Кажется, трудно придумать более наглядную и убедительную иллюстрацию тезиса о том, что в нашем сознании присутствуют абстрактные грамматические структуры, извлеченные из и отвлеченные от конкретных употреблений, чем знаменитый пример Л. В. Щербы — «предложение», построенное согласно морфологическим и синтаксическим правилам русского языка, но при этом целиком составленное из несуществующих слов: Глокая куздра штеко будланула бокра[83]. Несмотря на то, что нам заведомо незнакомы составляющие эту фразу «слова» и их предметное значение, говорящие по-русски не испытывают никаких затруднений в определении грамматических форм и синтаксической роли этих псевдослов и оказываются в состоянии представить себе общие смысловые параметры высказывания, вытекающие из его грамматической структуры. Мы понимаем, что ’глокая куздра’ означает субъект женского рода, по-видимому, одушевленный, с неким атрибутом; ’будланула’ — глагол, передающий однократное и интенсивное действие в прошедшем времени; ’штеко’ — квалифицирующее наречие, относящееся к характеристике этого действия; ’бокр’ — объект мужского рода, одушевленный, на который действие направлено. Все это так; вопрос лишь в том, откуда, на какой основе, возникает это наше понимание?
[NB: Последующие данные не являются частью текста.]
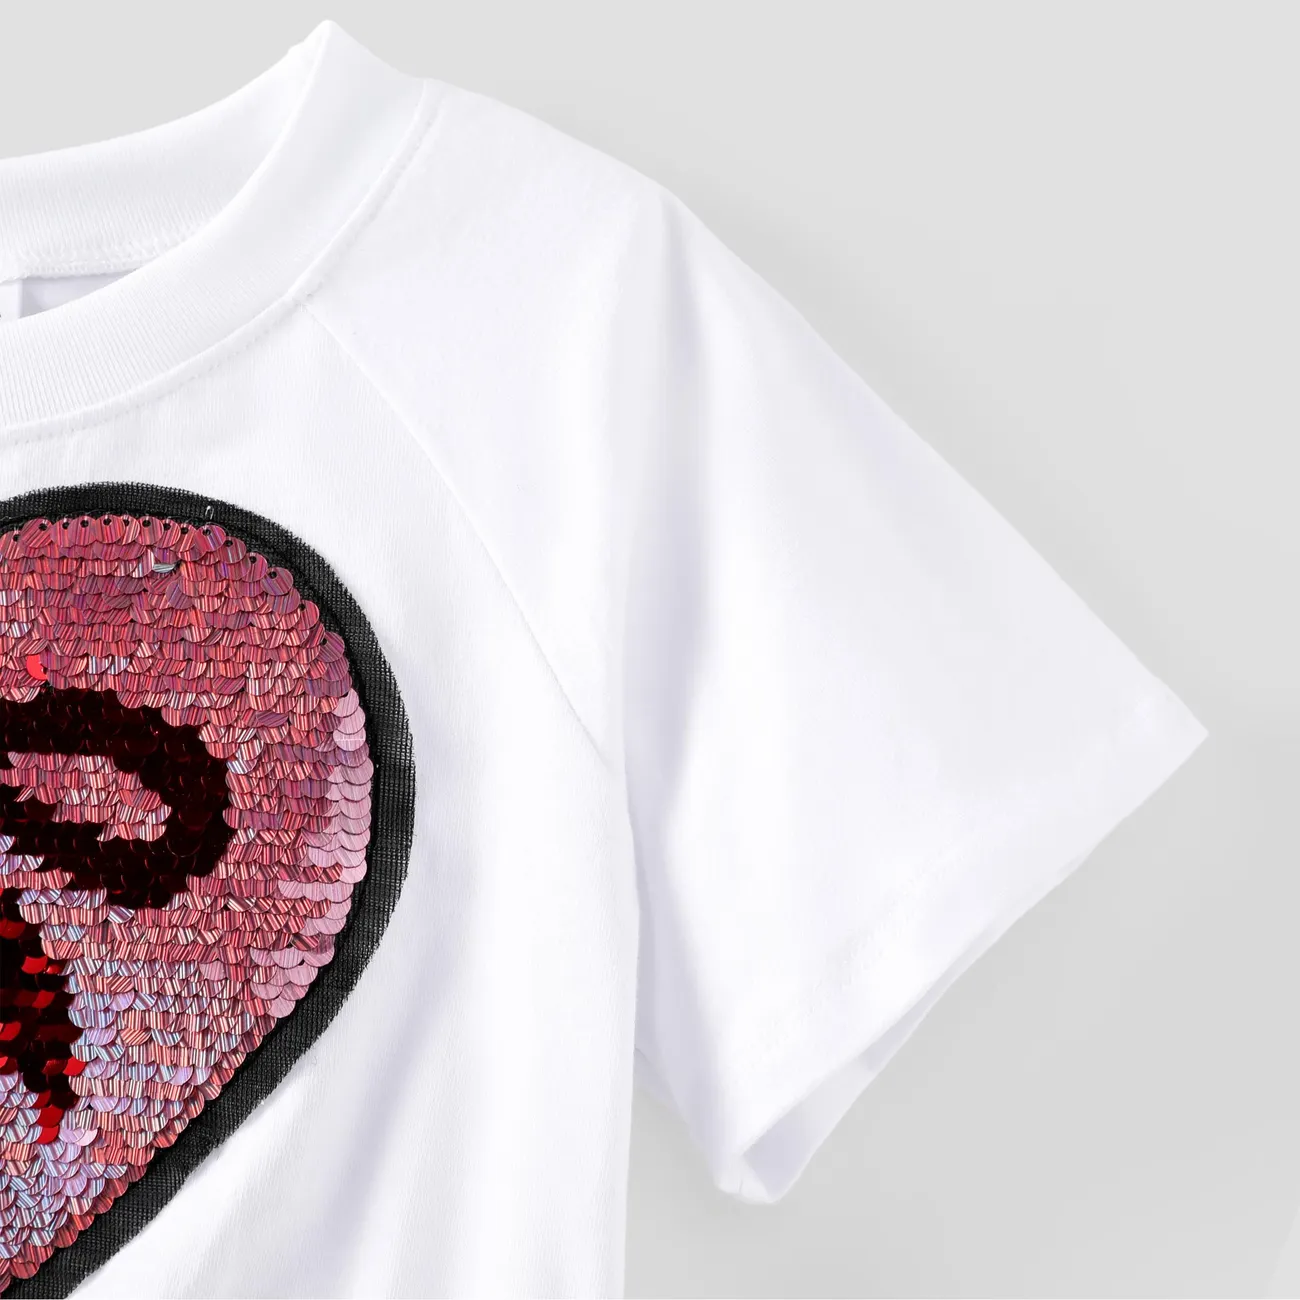 Kleinkind / Kind Mädchen 2pcs Herz Pailletten Stickerei Crop T-Shirt und Band Rock Set pinkywhite big image 1

Когда я представляю себе выражение ’глокая куздра… будланула’, в моем сознании возникает не чисто грамматическая, абстрактная идея об одушевленном субъекте женского рода, совершившем некое однократное действие, но более конкретизированный и осязаемый, жанрово и тематически окрашенный образ. Форма ’будланула’ вызывает непосредственную ассоциацию с такими известными мне словоформами (и потенциальными выражениями, в состав которых эти словоформы входят в моем опыте), как ’толканула’, ’шуганула’, ’долбанула’, ’звезданула’, ’гвозданула’, ’пизданула’. Это поле ассоциаций проецирует совокупный образ резкого и стремительного физического действия, агрессивного либо грубовато-фамильярного по своему характеру. Стилистически этот образ проецируется в сферу грубовато-простонародного дискурса, скорее всего в его стилизованной препарации — интеллигентски-разговорной либо литературной. В сознании возникает собирательный образ литературных сценок «из народной жизни» (скорее всего с несколько архаическим оттенком, то есть относящихся к прошлому или первой половине этого века), либо фольклорно-сказочного или басенного повествования о животных. Вспоминается строка из Крылова: «Мартышка, в зеркале увидя образ свой. Тихохонько медведя толк ногой» (’толк’ и по физическому характеру действия, и по стилистике тесно ассоциируется с ’толканула/будланула’, что и делает возможной такую реминисценцию). «Вспоминаются» также бесчисленные ситуации из бесчисленных повестей из народного быта: «„Вот я вас ужо шугану, пострелы окаянные“, — с притворной свирепостью крикнула Дарья, угрожающе замахиваясь шумовкой»; «Маркел полез было к Маньке, но та так его толканула, что мужик, хохоча, кубарем скатился с копны», и т. п. И хотя ни одного точного источника и точной цитаты я сейчас не могу назвать, в памяти всплывают типовые ситуации: посиделки, детские шалости, борьба с вышедшим из-под контроля домашним животным, — и целые поля соответствующих им выражений, образов, сюжетов.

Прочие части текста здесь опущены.